### [WHAT YOU HAVE TO DO]
Could you restate all of the records below exactly, with the pictures left out?

### [SUPPLIED RECORDS]
• • • • •

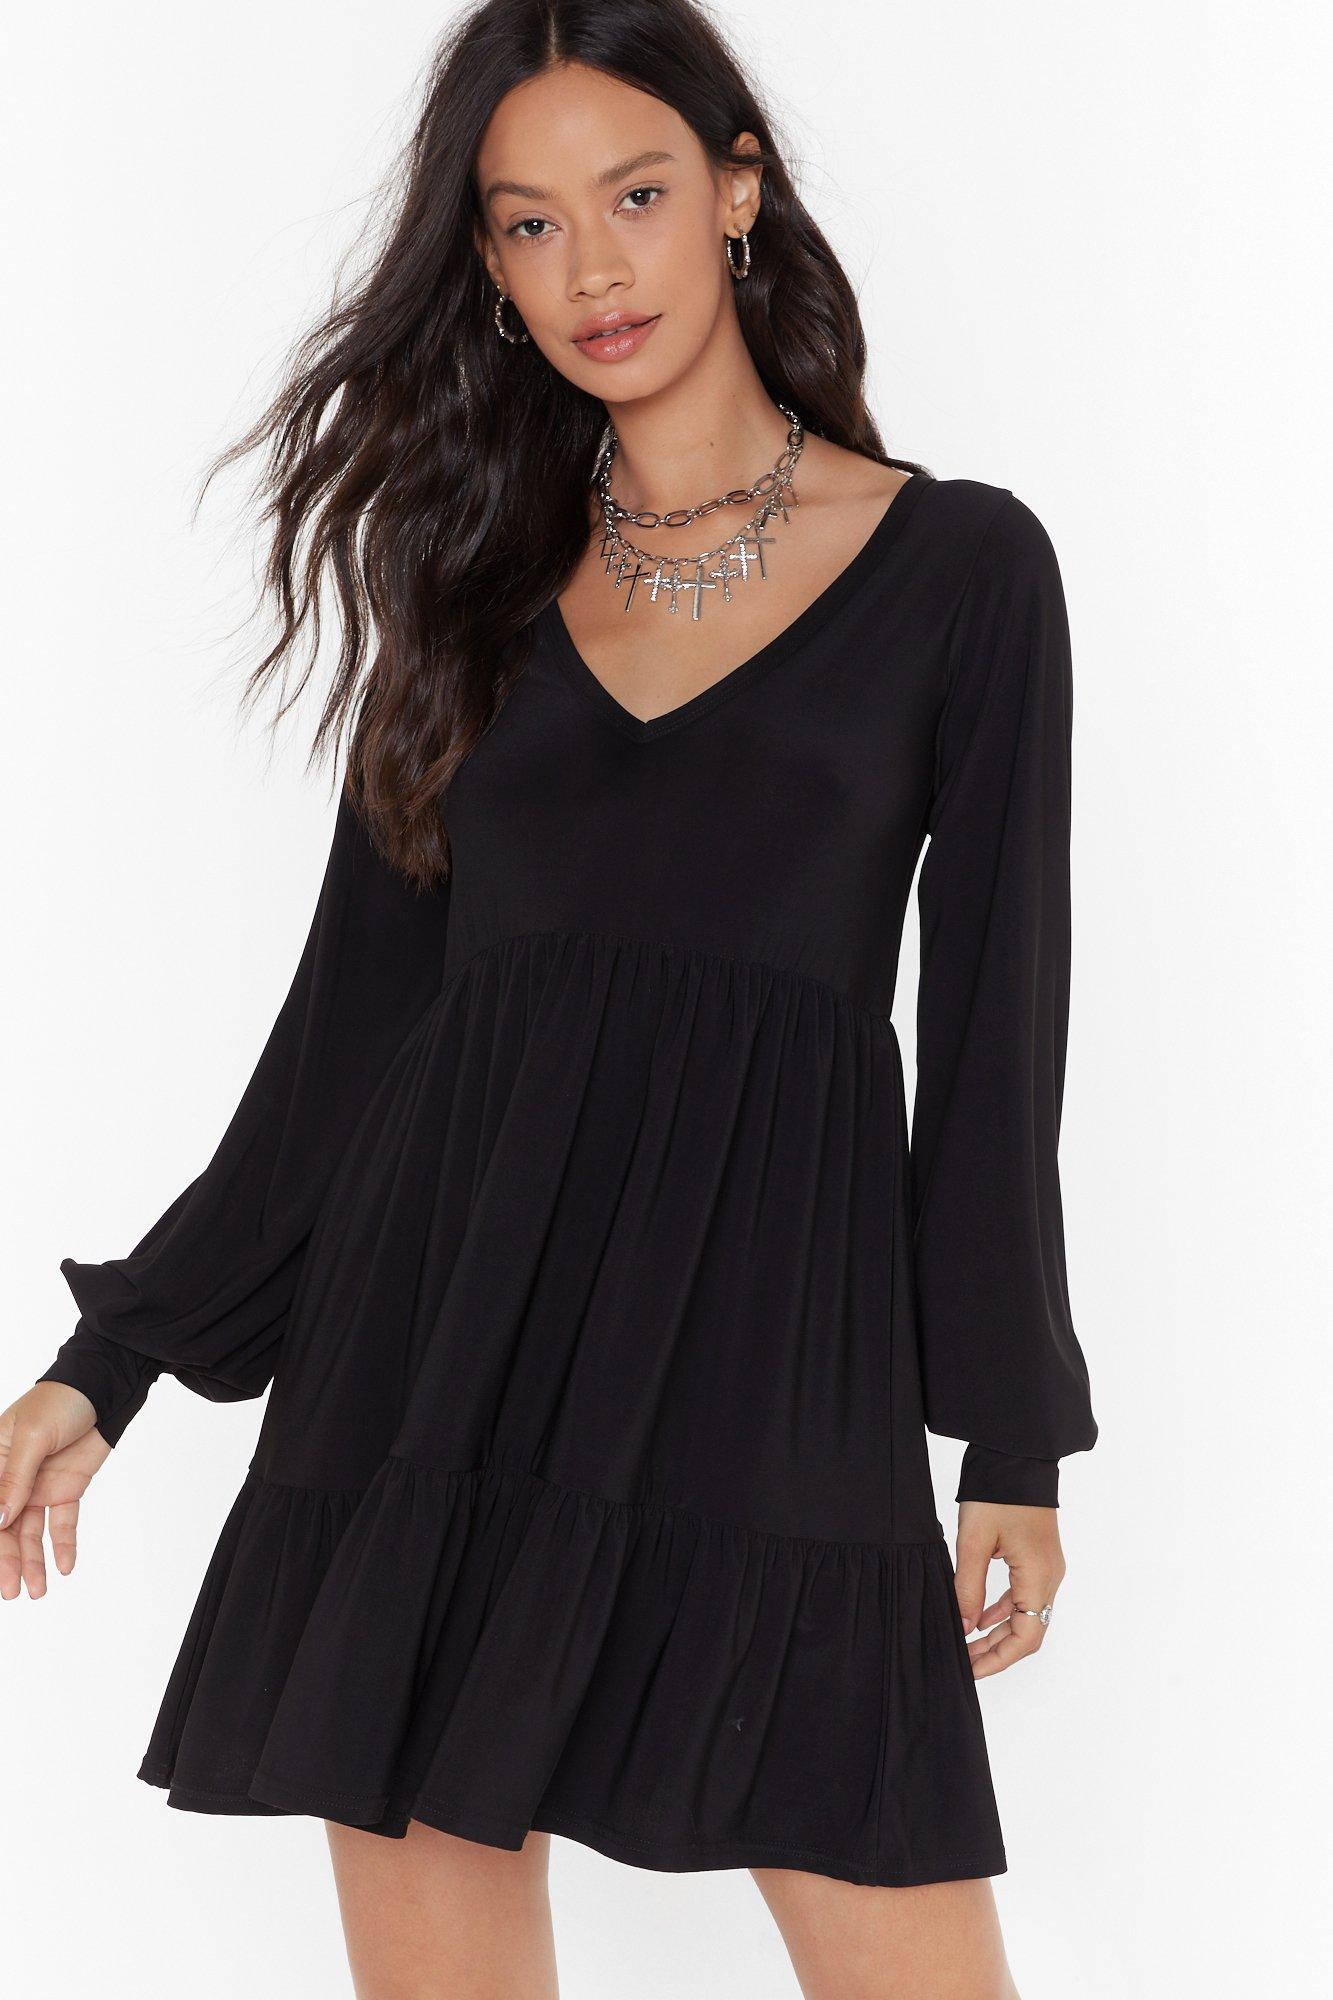 black pleated smock dress
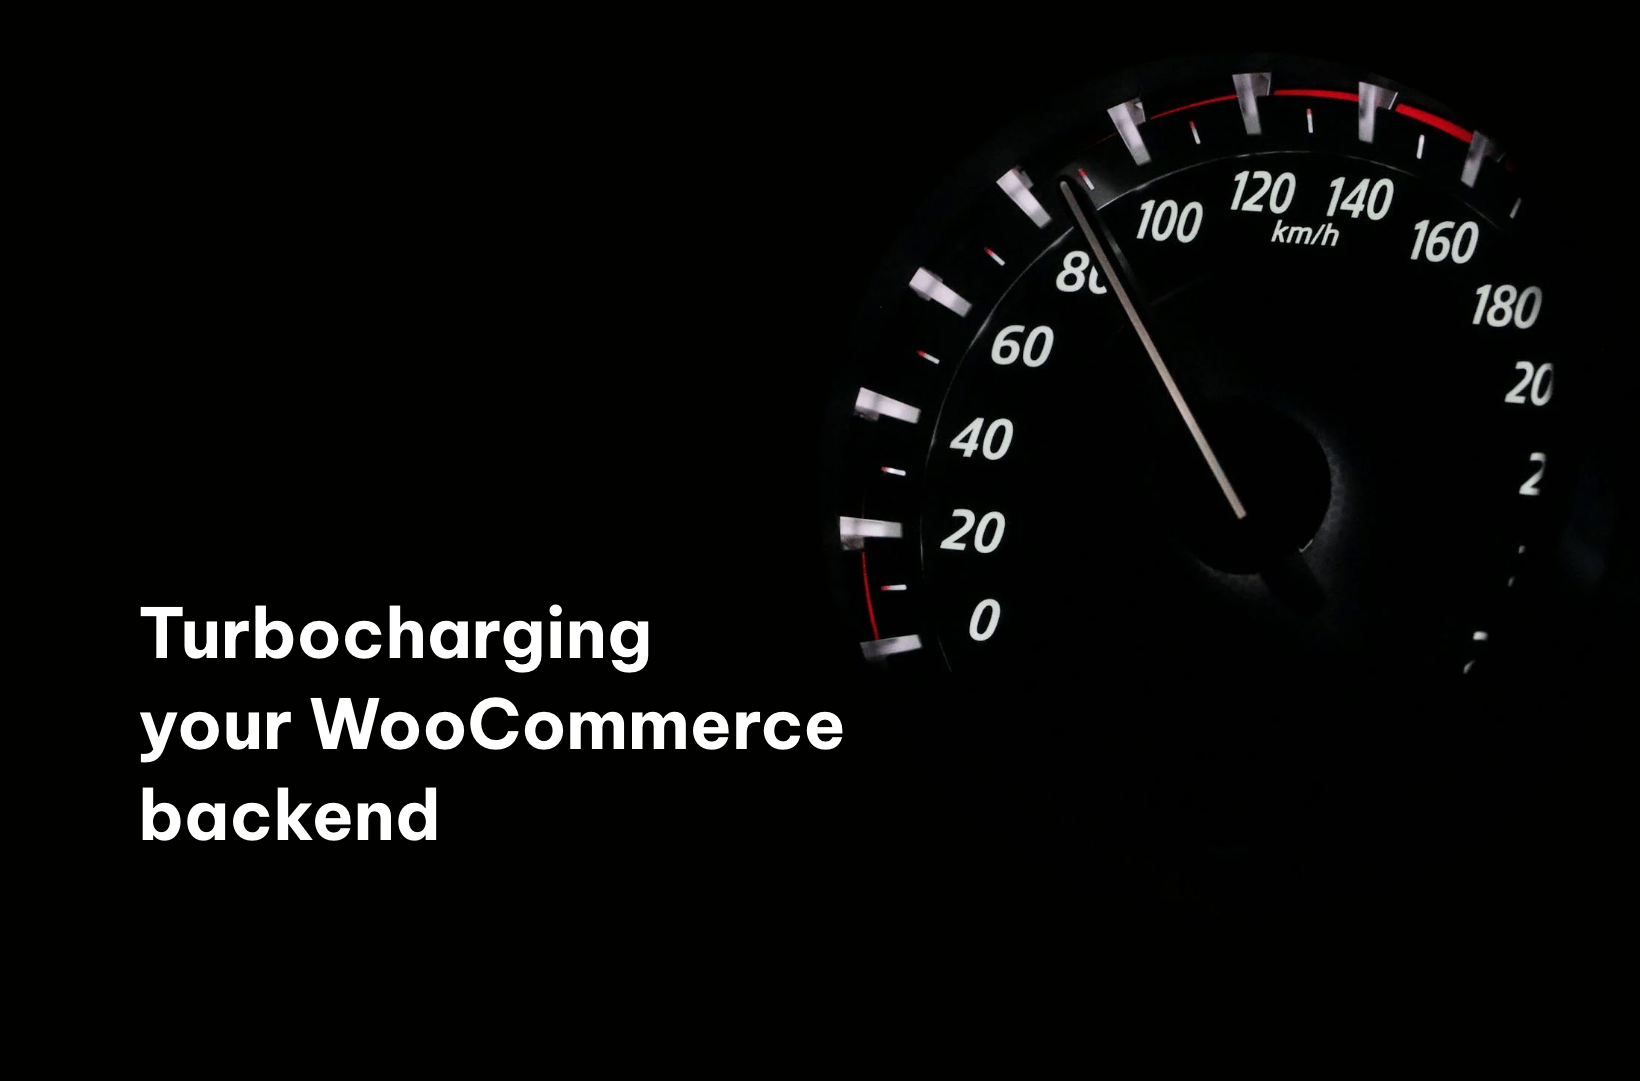 Turbocharging your WooCommerce backend
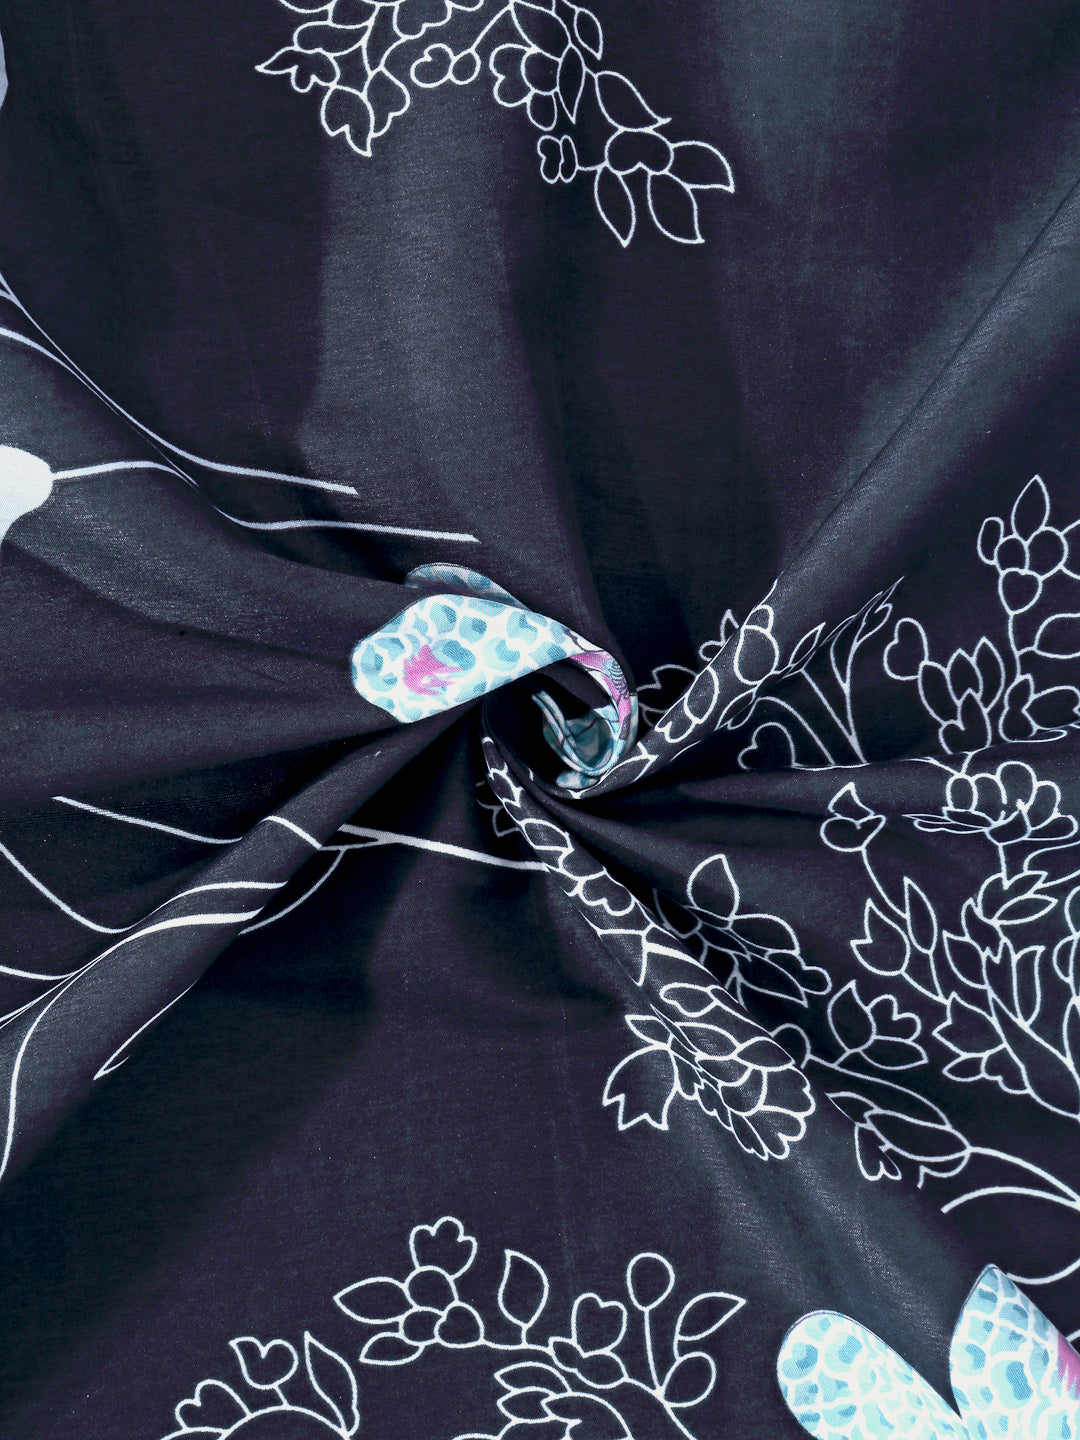 Arrabi Black Floral TC Cotton Blend Single Size Bedsheet with 1 Pillow Cover (220 x 150 cm)
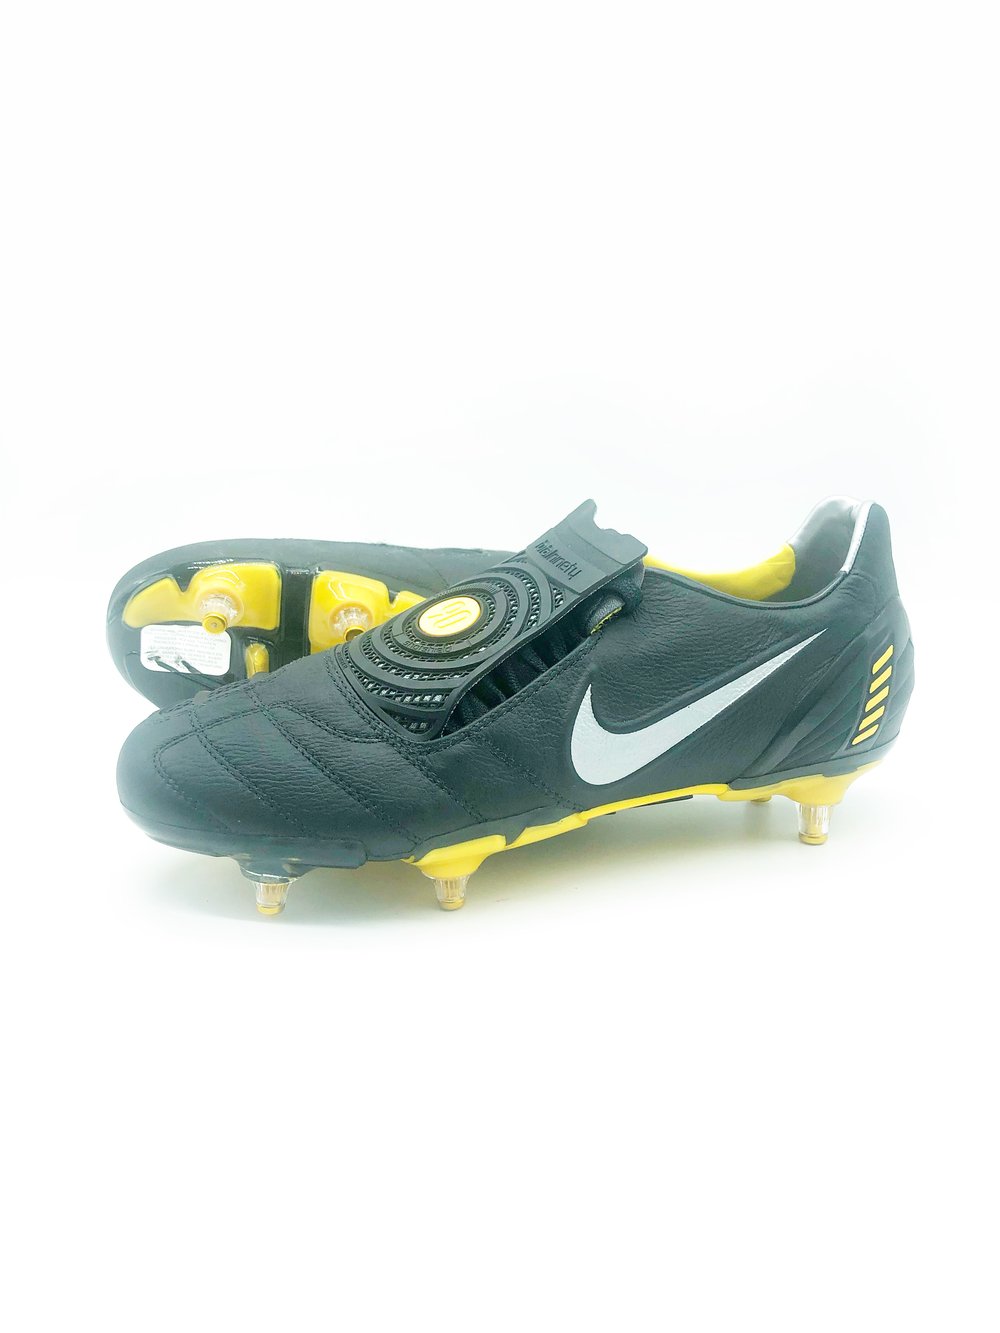 Image of Nike T90 laser Sg black yellow 
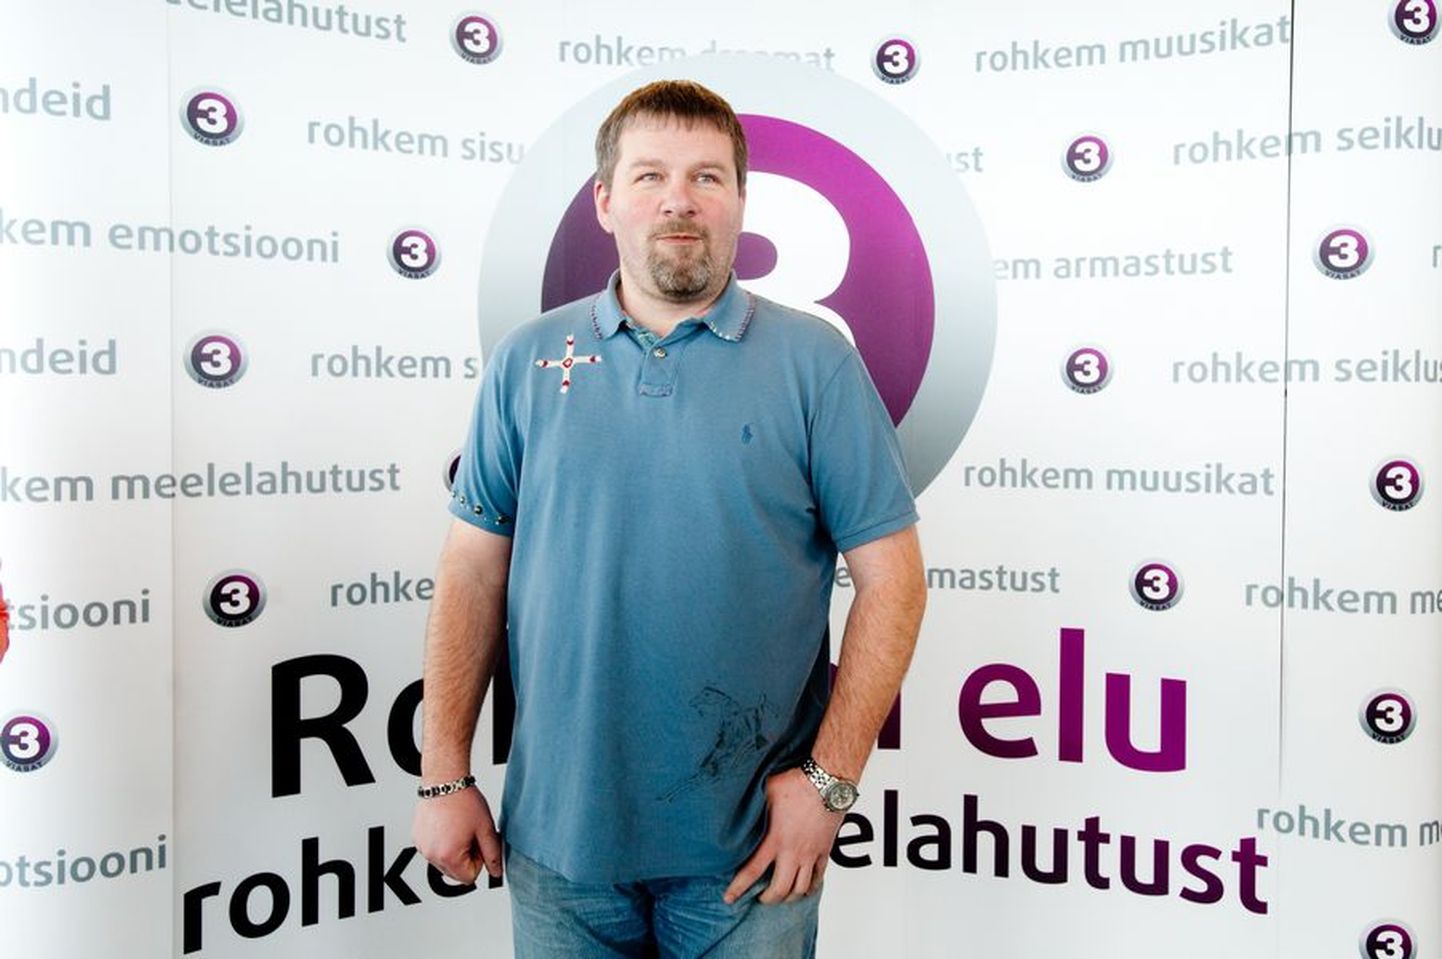 TV3 kevadhommik Tallinna teletornis.
Saate "Rahaauk" saatejuht Alari Kivisaar

• • • • •

### [EXPECTED ANSWER]
 black pleated smock dress
 Turbocharging your WooCommerce backend
 Arrabi Black Floral TC Cotton Blend Single Size Bedsheet with 1 Pillow Cover (220 x 150 cm)
 Image of Nike T90 laser Sg black yellow 
 TV3 kevadhommik Tallinna teletornis.
Saate "Rahaauk" saatejuht Alari Kivisaar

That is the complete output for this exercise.